Gary: Ralph and Sue initially show up at Wayne Manor, then travel to the jungle where Bats and the Outsiders are, and most of what we see them doing is possessing people so they can talk, or at one point, turning some mercenaries against each other.

Also, Sue befuddles Ollie at one point by needling him about hitting on her back in the day, and he has no clue who she is since she's in someone else's body. Ollie actually catches on faster than I would have expected. I can't imagine "married woman I flirted with" narrows things down much for him.

I guess we can assume they did some detective work to figure out the same stuff Batman had, but I don't think Ralph ever explains what it was.

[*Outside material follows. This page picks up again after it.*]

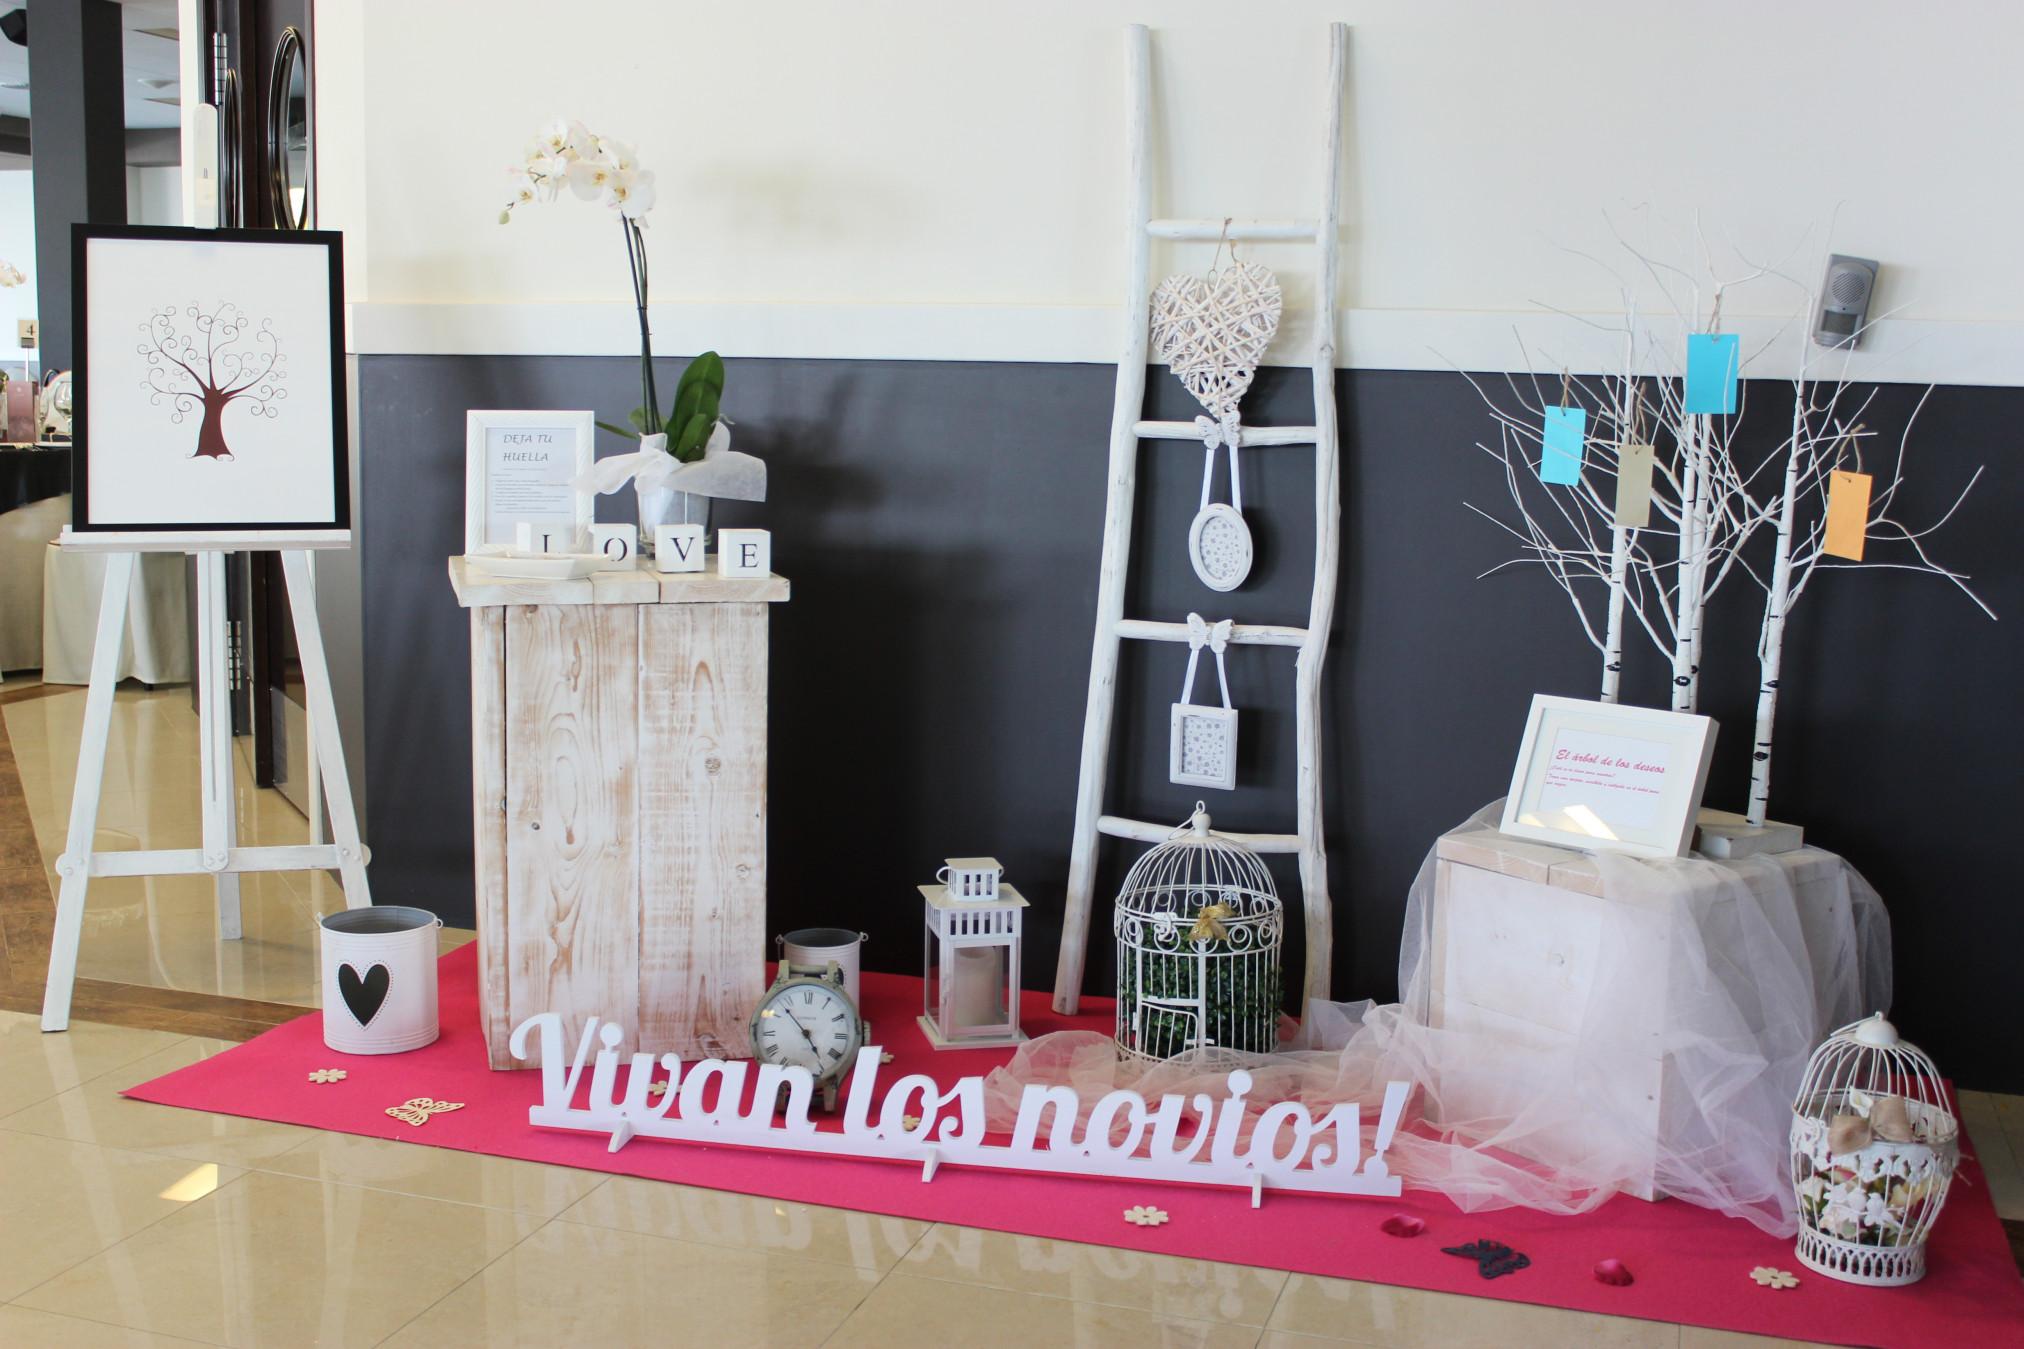 detalles-vuestra-boda-larache-celebraciones

I have never heard anything good about Didio's work as a writer. Actually, I'm not sure I've heard anything good about him in any capacity.

Gary said...

I can't imagine "married woman I flirted with" narrows things down much for him.

Haha! :)

SallyP said...

Um...yeah. This was not a particularly good time at DC. When they deciced to kill off most of the characters I actually cared about...was the beginning of the end for me.

CalvinPitt said...

This was actually a bit of a bounceback time for me, with Cass getting back to normal and Stephanie Brown eventually being not dead. 2008 through the first half of 2011 was the time I bought the most new DC stuff.

The New 52 killed that momentum quickly.